This is a cultural practice built up by an uncountable number of positive interactions over a unnumbered years. The Canadian experience is the unnatural outlier, the Congolese experience is the natural norm. Helping strangers get their car unstuck is an unnatural cultural practice held by a limited number. It is just one of many western Europeans have built up. These practices have not built up in many (most?) other countries.

If you import foreigners from Congo who do not have this cultural practice, fewer positive interactions and more negative interactions build up, and eventually a some tipping point, you no longer have the cultural practice.

This is the harm immigration causes, it wears away at built-up cultural practices. The insidious danger of it is that this regression is barely noticeable until one day you get stuck, look around, and wonder, ‘why is nobody helping me?’

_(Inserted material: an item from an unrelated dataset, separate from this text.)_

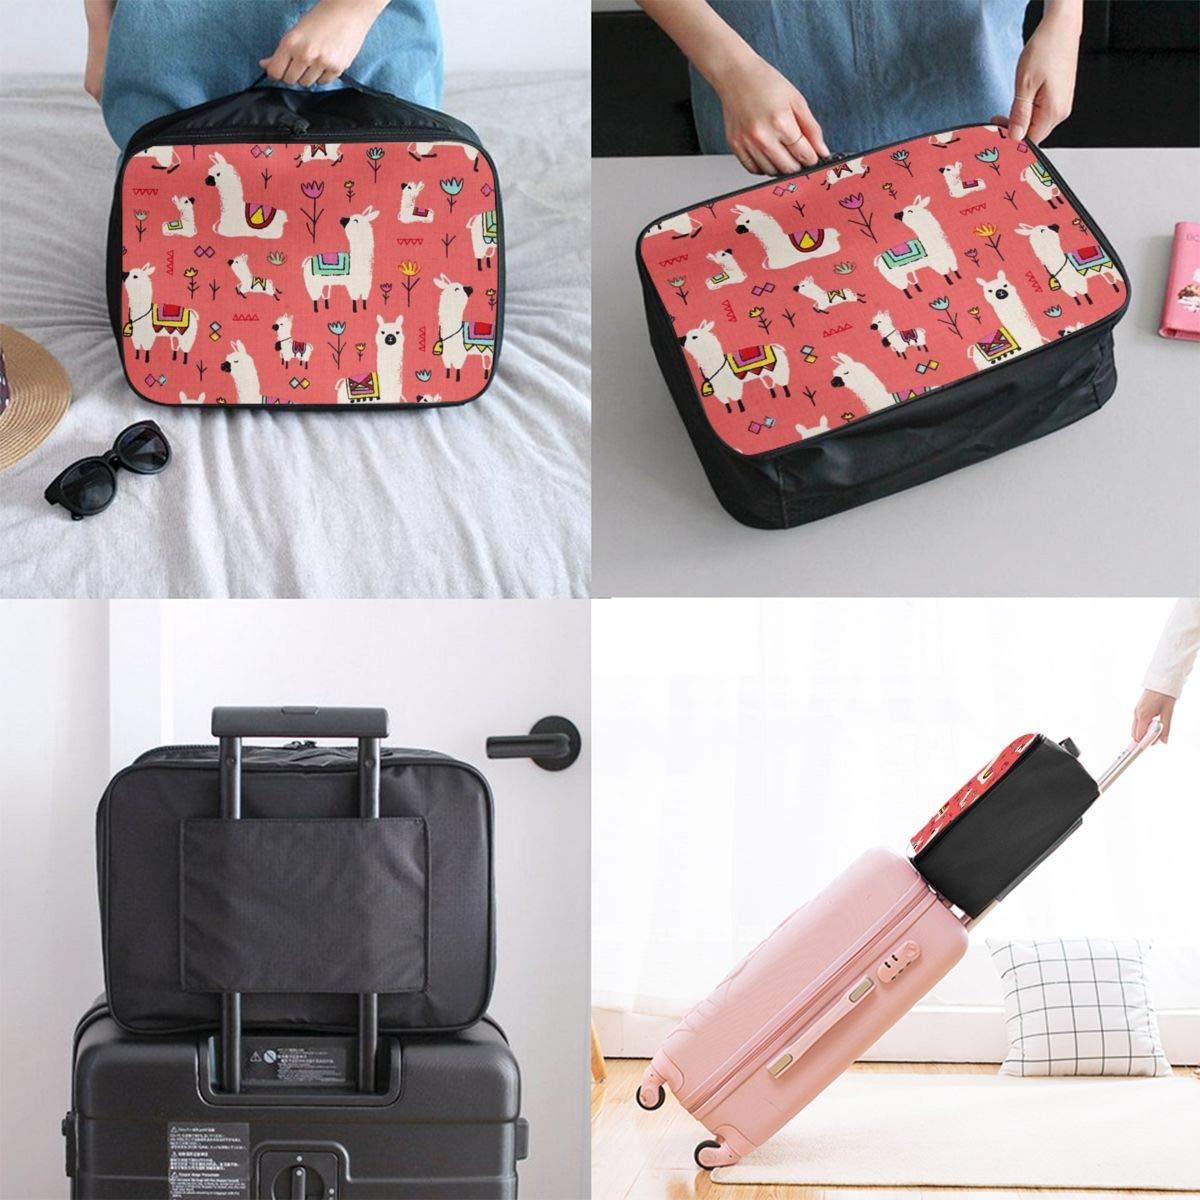 Gift for Boys Girls Luggage Duffel Bag Purple Floral Sugar Skull Lightweight Waterproof Storage Carry On Travel Duffle Tote Bag

Of course, cultural practices go far beyond simply pushing someone’s car.

****

I asked them if they would want us to help them if they had a problem. The acknowledged this. I said what they would think if we asked for money before we would help them. They called us racists and immediately demanded money from us.

Welcome to your future.

Also, the demands for money or free stuff is omnipresent throughout the trip. Everywhere they go, someone is demanding money, drinks, phones, or the like from them. Is this the cultural practice you want imported to your country, where ‘le Blanc’ is seen primarily as a source of free stuff?

We opened a can of Coke (still from Zambia) and a jar of pickled onions to eat with our bread.

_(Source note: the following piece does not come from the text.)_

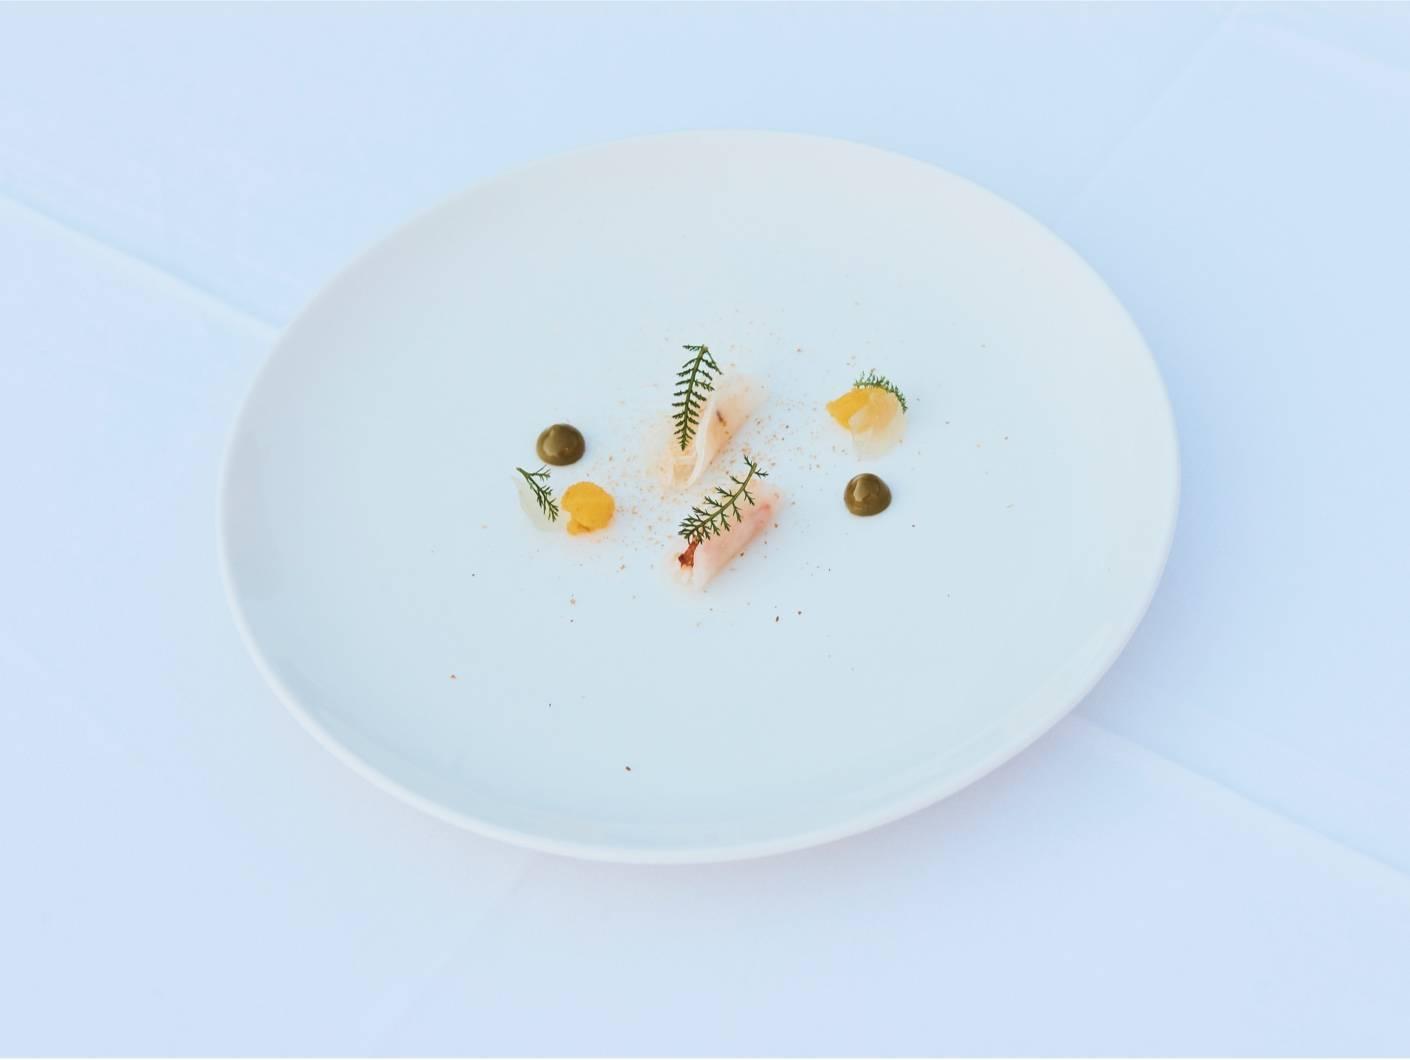 Slovenia restaurants get first Michelin stars

Those ‘horrible’ people did not have a Coke, even if they had the money to buy it, it was not avaialble. They did not have pickled onions either. And between the two of us we ate as much bread as an entire family would eat for an entire day.

We tried putting things into perspective. Maybe we shouldn’t be here after all?

This is what immediately follows their ‘stuck in a mudpit’ story. The answer to the question is ‘correct, they don’t belong there’.

But more interesting is how they do not seem to make a connection. Maybe there’s an underlying reason why people who won’t help others stuck in mud don’t have Coke and pickled onions available. Coke and pickled onions require cooperation in the marketplace, but how can there be cooperation when you can’t even trust your neighbour to help pull you out of the mud?

****

If you want to know why there’s no social trust, here’s an illustrative example:

We came across a small motorcycle. You’d see them from time to time, it is the most luxurious transportation people have here. They are litte chinese 50cc (or 125cc) bikes. We stopped to let him pass and he stopped to greet and ask us if we had some oil for his engine.

All over the world there is an unwritten rule that in remote or difficult to travel areas people help eachother. That is why in the sahara everybody says hi to eachother. That is why in the Mongolian steppe people drive for kilometers just to check up on you. People help when needed as they know they will be helped when they are in need. We very much honour this unwritten rule and will always assist when we can.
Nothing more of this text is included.